Bu eski kafesin içinde başını boynuna kıstırarak uğrayacağı akibeti düşünüyor gibi görünen zebun kuş para etmiyor. Fakat onun kıymetini bir de bu çocuğa sorarsanız. Büyükanne, torununu bu küçük dilsiz kardeşinden ayrılmaya razı etmek için kimbilir ne vakitsiz bir hayat dersi vermiştir?   Kuş satılmadı. Büyükanne yaşlarla dolu gözlerinin ucu ile torununa bakıyor, çocuk da görünüşte üzgün, fakat küçük yaramaz! Nafile, beni büyükanne gibi aldatamazsın. Hüzün taklidi yaparken gözlerinin içi gülüyor; kuşunu beğenmedikleri için seviniyorsun... Şimdi görürsün!  Kahveci vasıtasıyla Büyük hanımla pazarlığa girişiyorum. Kafesi istediği fiyata satın alıyorum. Büyük hanım, masa üstüne bıraktığım parayı birden bire alamıyor. Ona ağır geliyor. Yalnız içinden beş kuruşu alarak çocuğa veriyor: belli ki aralarında kuşun satılması için anlaşma yapılmış. Büyük hanım benimle maaş meselesini konuşuyor, maksadı söz arasında bu parayı gene farkında olmadan almaktır. Kısa cümlelerle hayatından bahse ediyor.  O kadar konuşuyoruz ki küçüğün uzun bir zaman aramızdan kaybolduğunu farketmiyoruz. O, biraz sonra elinde bir simit ile geliyor. Simitle karnını doyuracaktır.  Paranın yarısıyla da kuşuna yem almıştır. Büyükannesiyle konuşurken onu gözetliyorum.

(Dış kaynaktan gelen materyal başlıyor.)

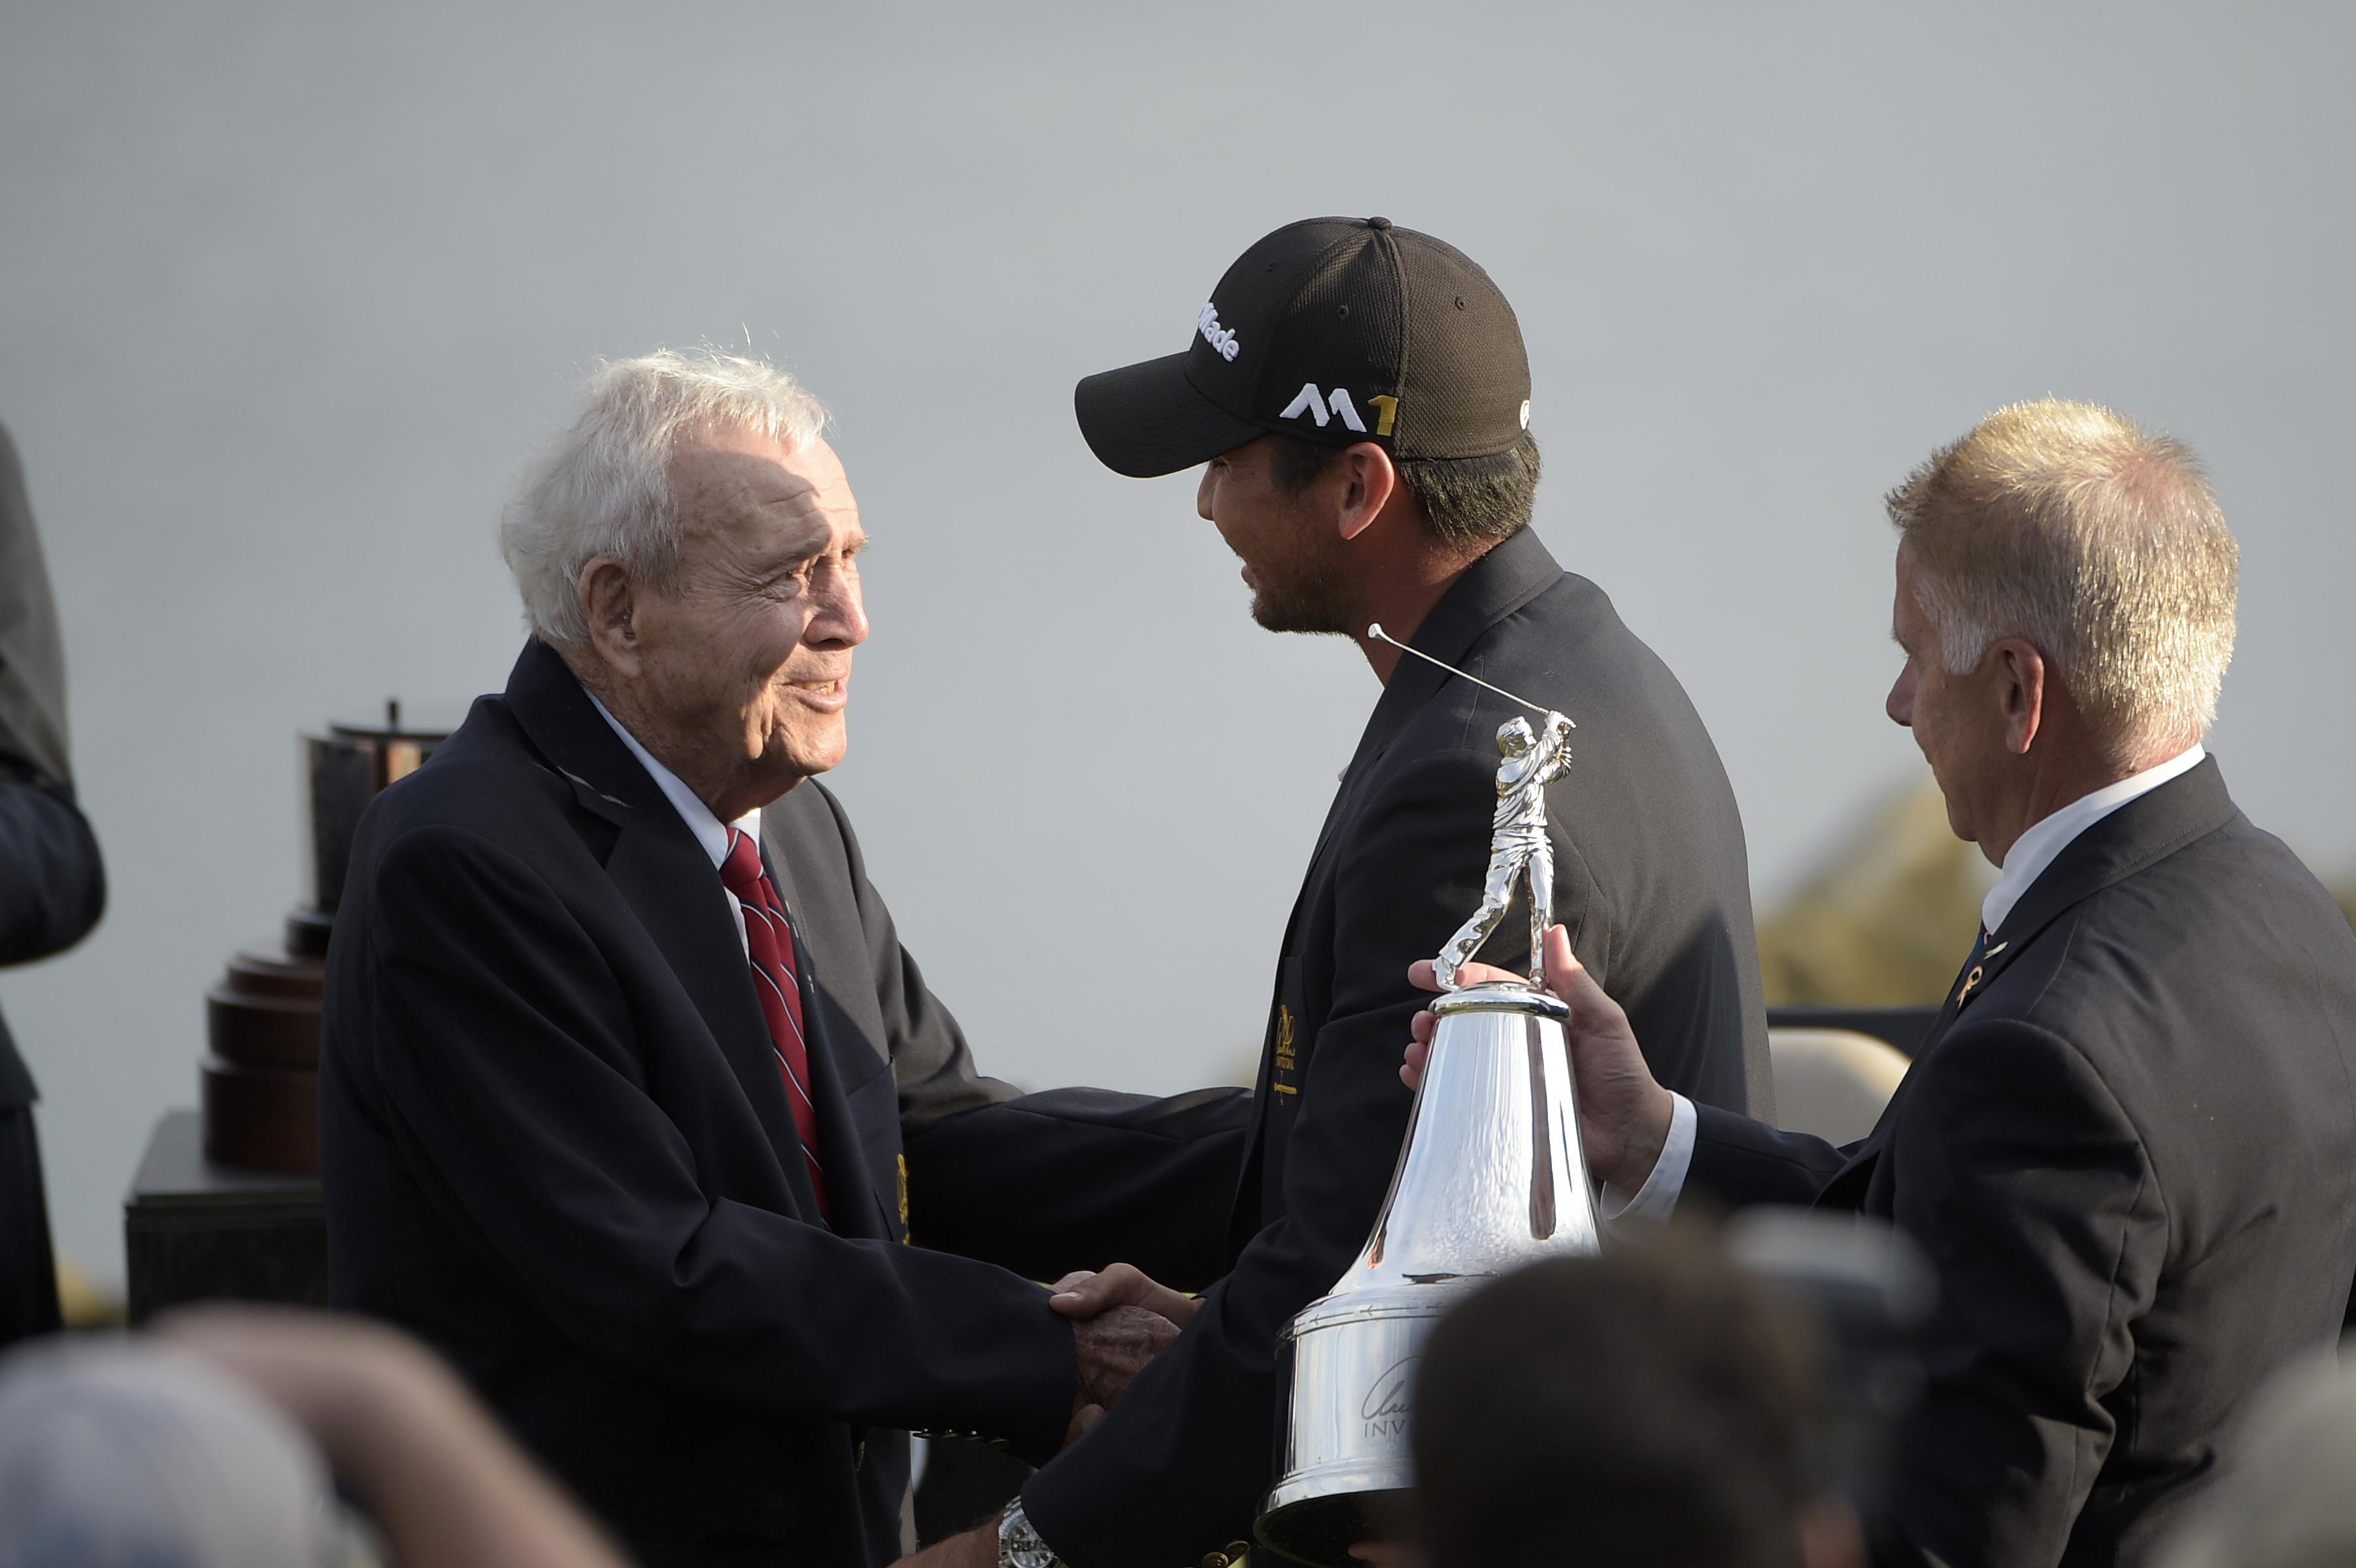 FILE - In this March 20, 2016, file photo, Arnold Palmer, left, congratulates Jason Day, center, of Australia, after Day won the Arnold Palmer Invitational golf tournament in Orlando, Fla. (AP Photo/Phelan M. Ebenhack, File)

Küçük avucuna bir parça yem döküyor, kafese uzatıyor; kuş, belli ki onun elinden yem yemeğe alışmıştır, kafesin telleri arasından gagasını uzatıyor.  Çocuk bu durumdan istifade ederek onu tutmak, dilsiz kardeşinin gagasına bir veda busesi kondurmak istiyor.  Sonra beni eteğimden çekiyor, yaşlarla dolu parlak gözleriyle yüzüme bakarak rica ediyor: - Beyefendi, bu yem sizde kalsın, onu yedirirsiniz, olmaz mı? Yemi aldıktan sonra iade ediyorum: - Yavrum, bu kuşa ben bakamam, onu sana bırakayım da sen bak. Sonra büyüyünce alırım, olmaz mı? Büyük hanım bunu doğru bulmuyor, isyan edecek oluyor. - Büyük hanım, benim küçüğe yadigârım olsun, fakat ne olursa olsun bir daha onu satmamak şartıyla, diyorum.        
Reşat Nuri GÜNTEKİN

Yorumlar

Bu blogdaki popüler yayınlar

Esmaül Hüsna (Arapça- Türkçe) دُعٰٓاءُ اَسْمٰٓاءُ الْحُسْنٰى

Uzun Ömür İçin Dua

Şifa Salavâtı (Salavâtı Tıbbil Kulubi/Salâvatı Tıbbiye)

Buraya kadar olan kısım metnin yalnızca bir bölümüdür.